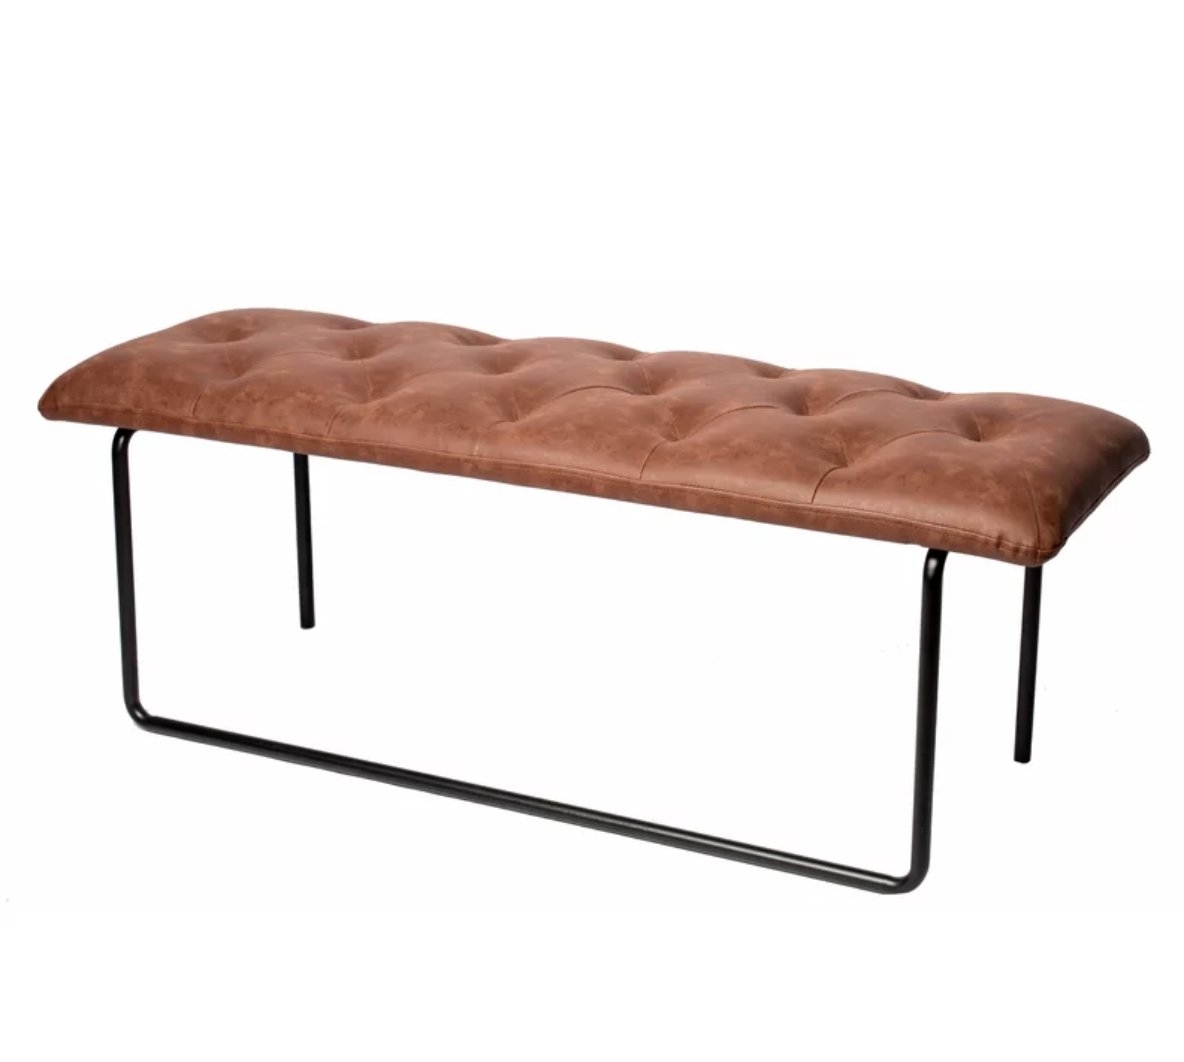 Molle Upholstered Bench - Image 1
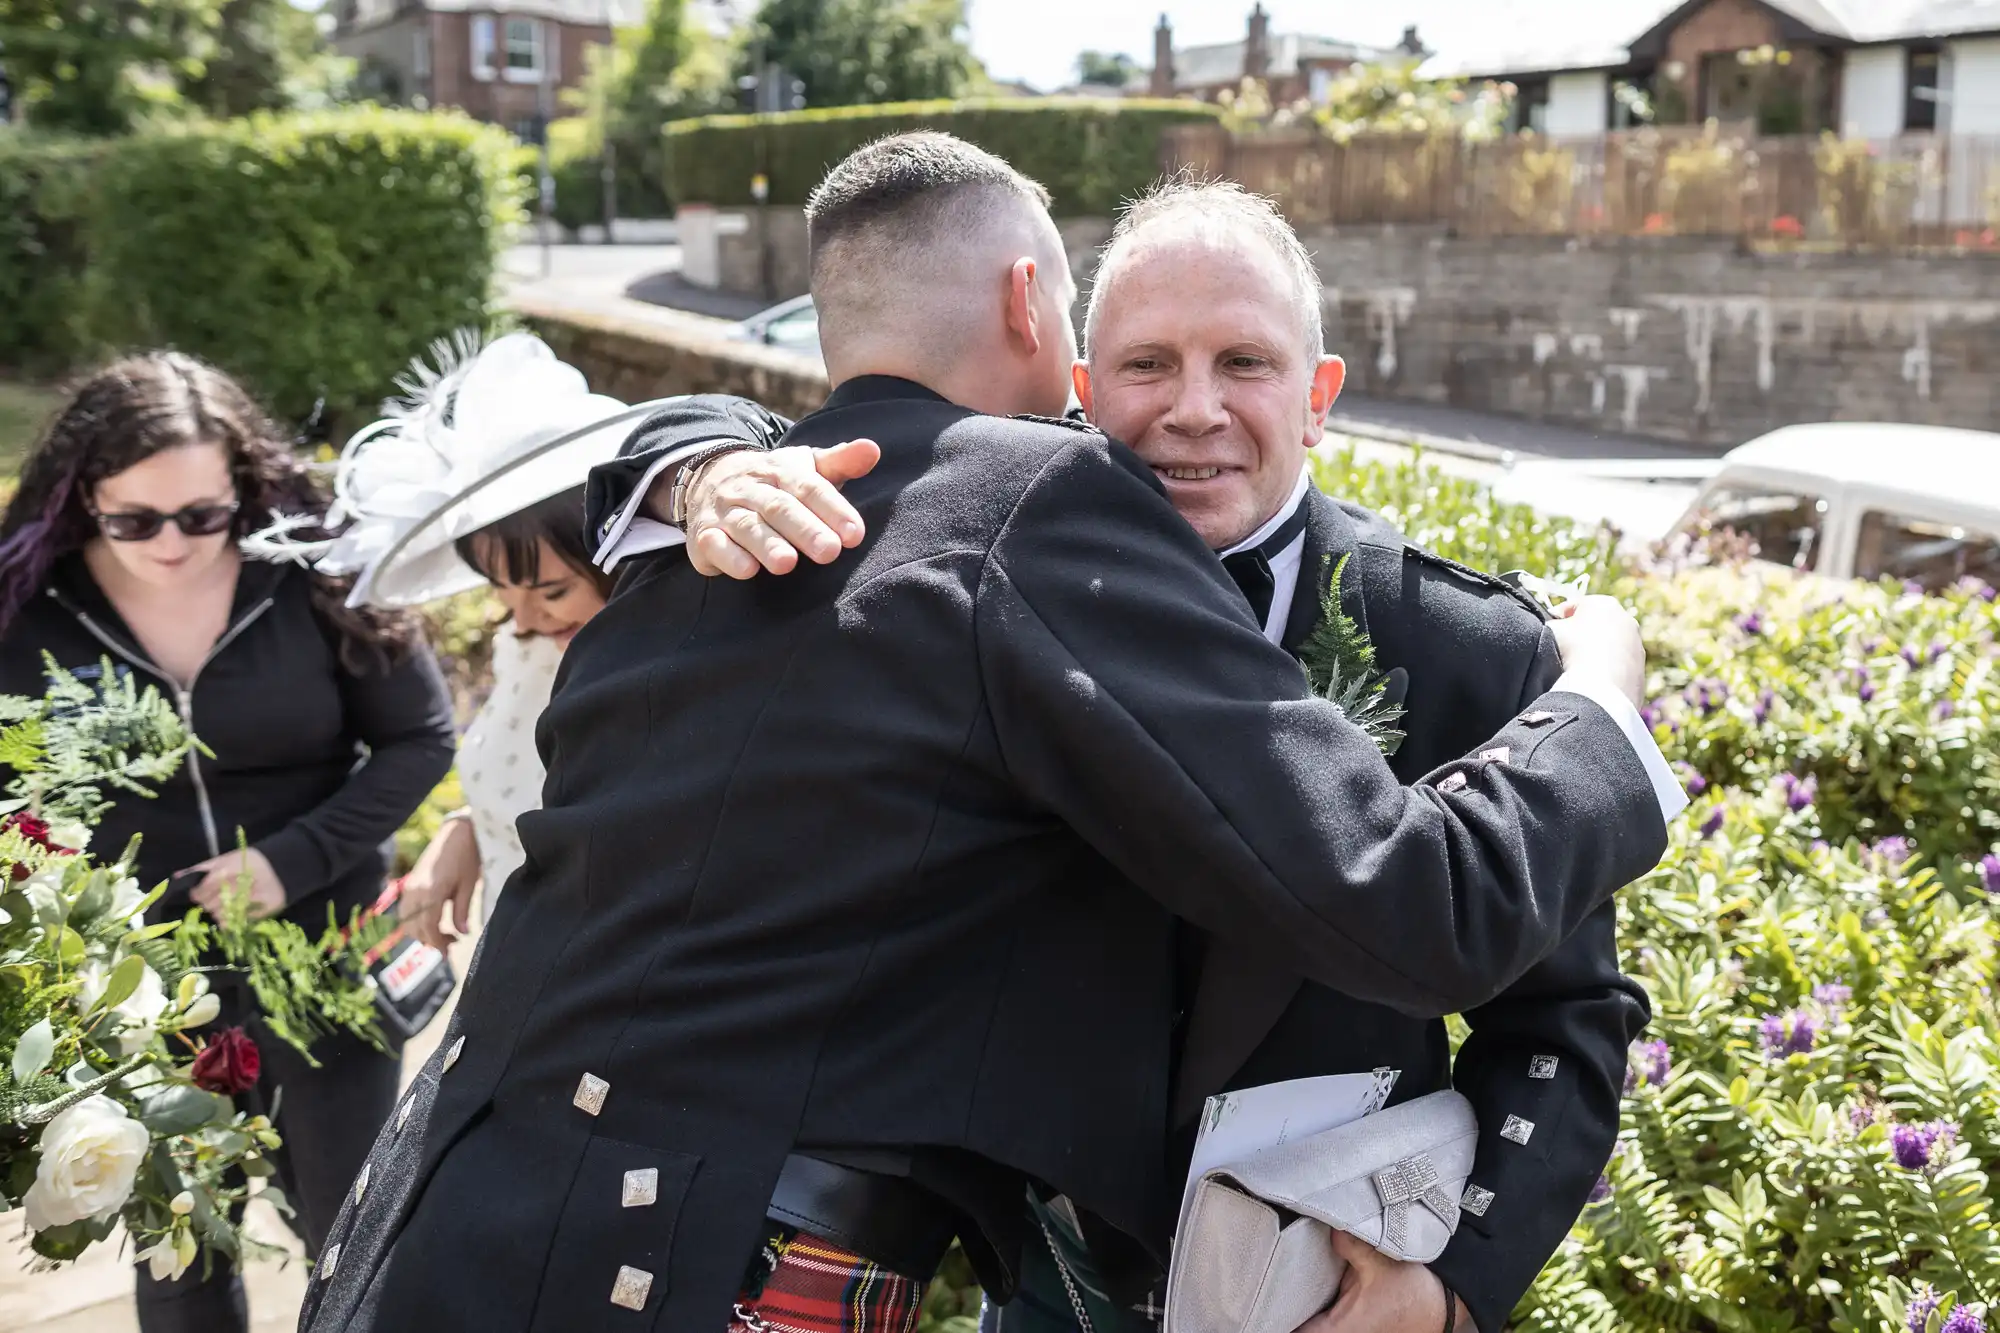 Two men embracing warmly at an outdoor gathering, one wearing a kilt and the other in a suit, with people and floral decorations in the background.
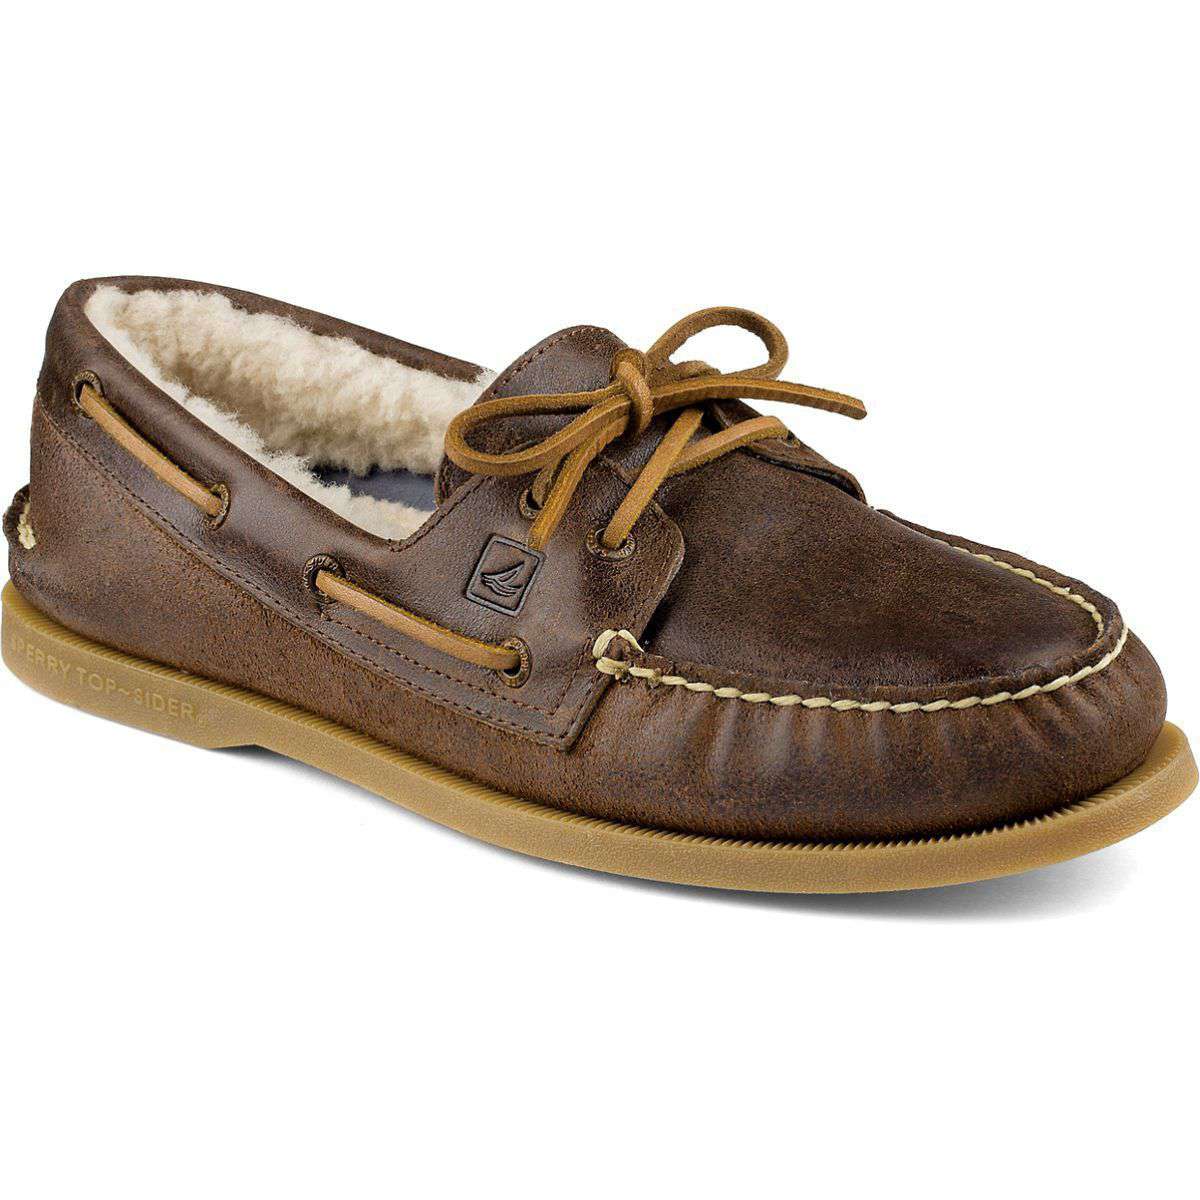 Men's Authentic Original Winter 2-Eye Boat Shoe in Brown by Sperry - Country Club Prep
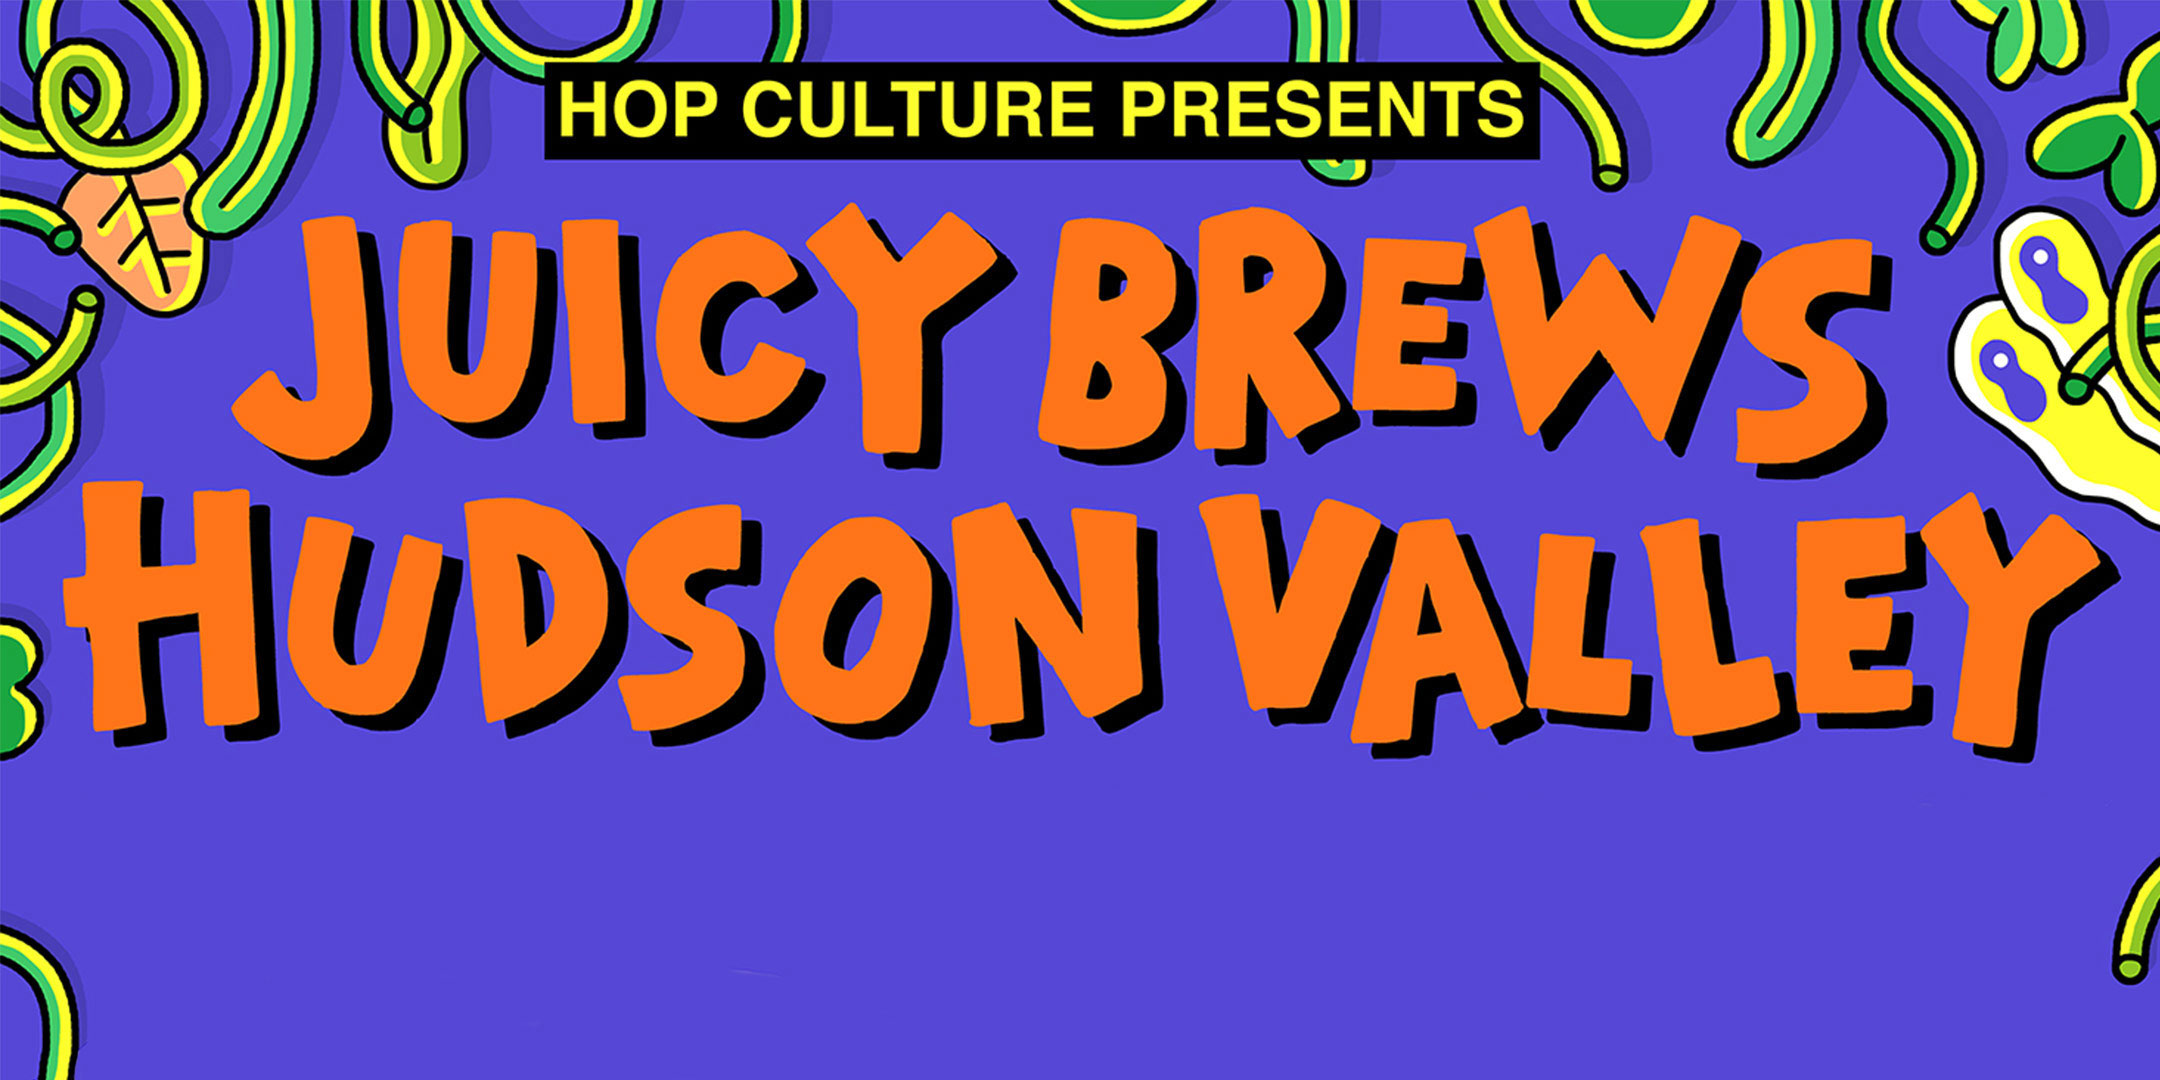 Here’s What to Drink at Juicy Brews Hudson Valley

REQUIRED WORK | Reproduce the data above word for word, but leave the images out.

EXPECTED OUTPUT |
 Molle Upholstered Bench - Image 1
 Two men embracing warmly at an outdoor gathering, one wearing a kilt and the other in a suit, with people and floral decorations in the background.
 Men's Authentic Original Winter 2-Eye Boat Shoe in Brown by Sperry - Country Club Prep
 Here’s What to Drink at Juicy Brews Hudson Valley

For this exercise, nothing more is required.